Степку, разумеется, бить взялись, да все вместе… Я еле вижу, глаза заплывают и рука порвана. Ну-у, думаю, каменющая твоя душа — сердце моё терпивое, — а сама прошу: «Не бейте его. Не бейте, Бога ради! Это он от дурости. Это я сама пугливая. Не бейте!..». Послушались. А бригадир тот Витенька: «Ладно, говорит, штоб духу твоего, Стёпка, в бригаде не было! Не то придушу в забое. Охламон!». Так и сказал: «Охламон!». А меня в госпиталь
…Как они все за меня убивались, жалели как. Шахтерики. Уж больно помню я того Стёпку в вывороченном. И Витеньку-бригадира, и остальных хлопчиков. Всё: «Надежда да Надёжа. Надежда да Надея». А Витеньку-бригадира завалило в забое насмерть. Уж потом.
Тяжело вздохнула, с трепетом:
— Счастья ищи, как хлеб в голодуху…
Весь остальной день Надежда Петровна лежала тихая, не жаловалась, не рассказывала. Только так, пошепчет разок-другой, как вспомянет: сыночка Николу… доченьку Шуру… да и Валю тоже… бригадира Витеньку… и того, что простреленный безвременно… Толика вспоминала грешно-безвинного… И всю ночь тихая была — не шелохнулась.

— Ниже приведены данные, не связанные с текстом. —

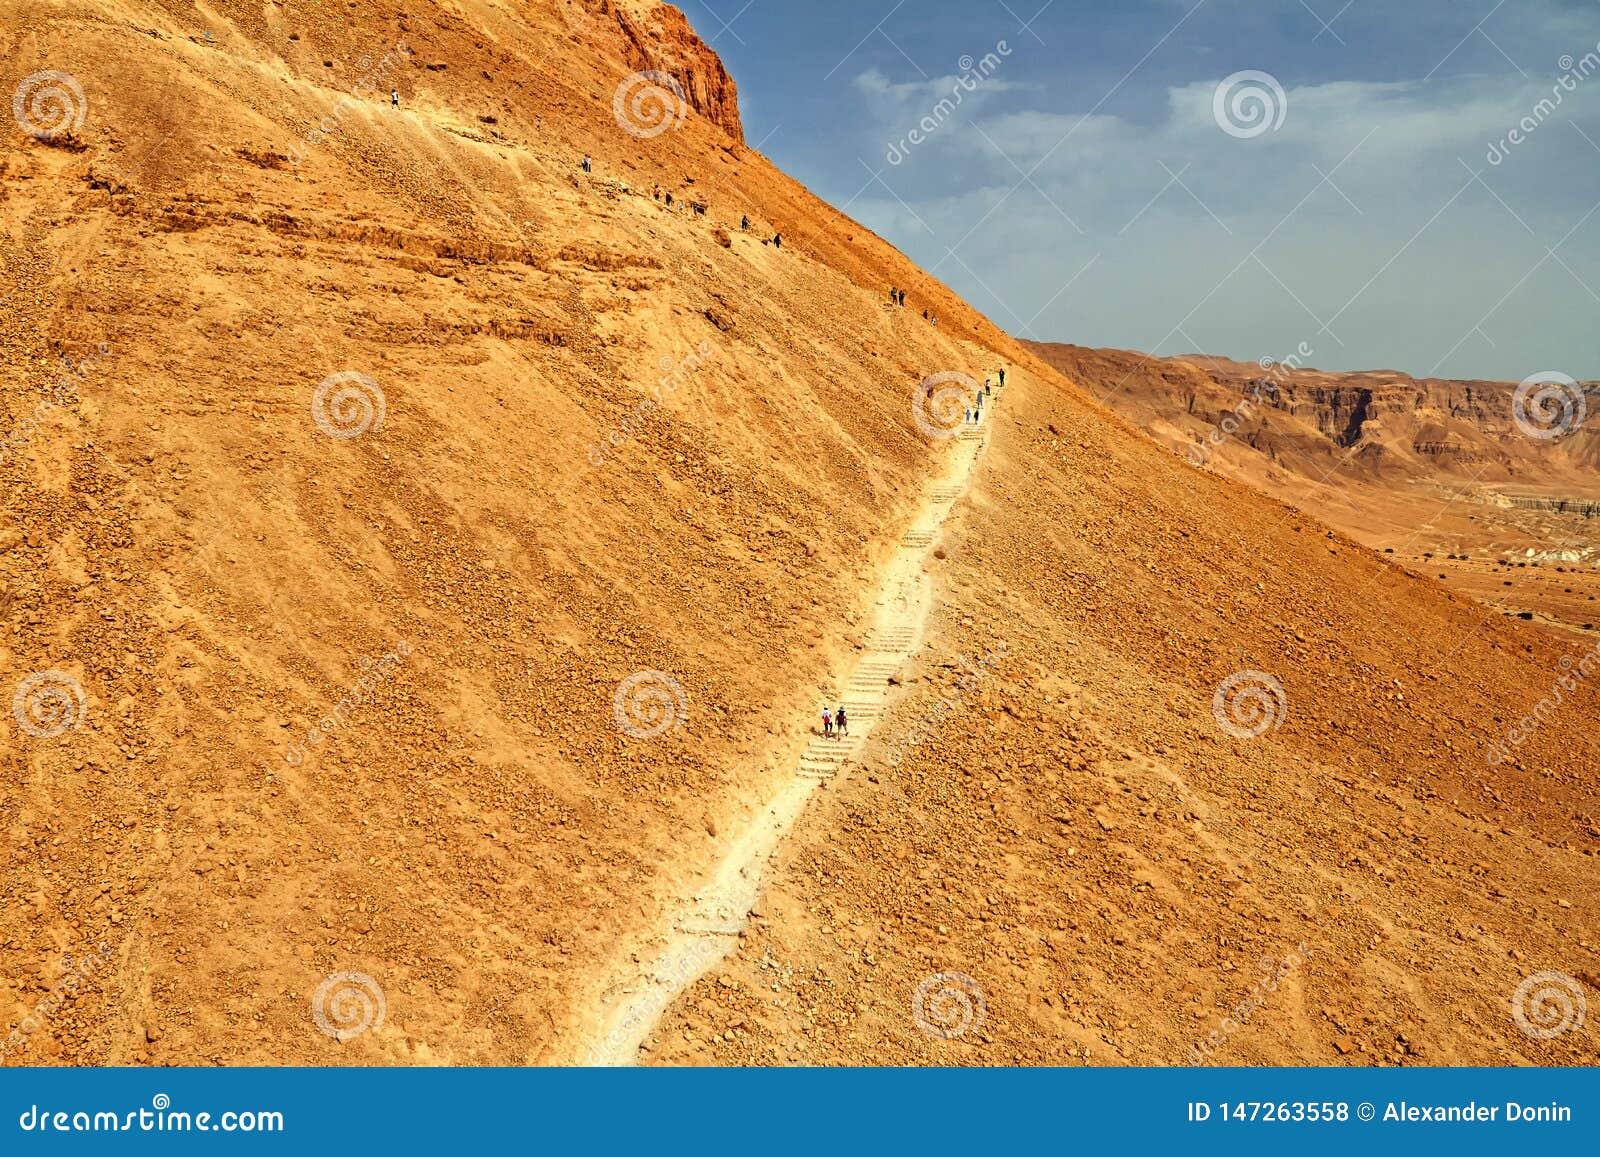 Scenic view of Masada mount in Judean desert

Утром Александра Васильевна глянула со своей койки, а Надежда Петровна уж и вытянулась вся. Душа отлетела. Аккуратная, прибранная, руки лежат как положено. И если посмотреть, так росту в ней всего-то ничего… Малюсенькая. А всё равно силы, да разума, да сердца, да проворства было у неё…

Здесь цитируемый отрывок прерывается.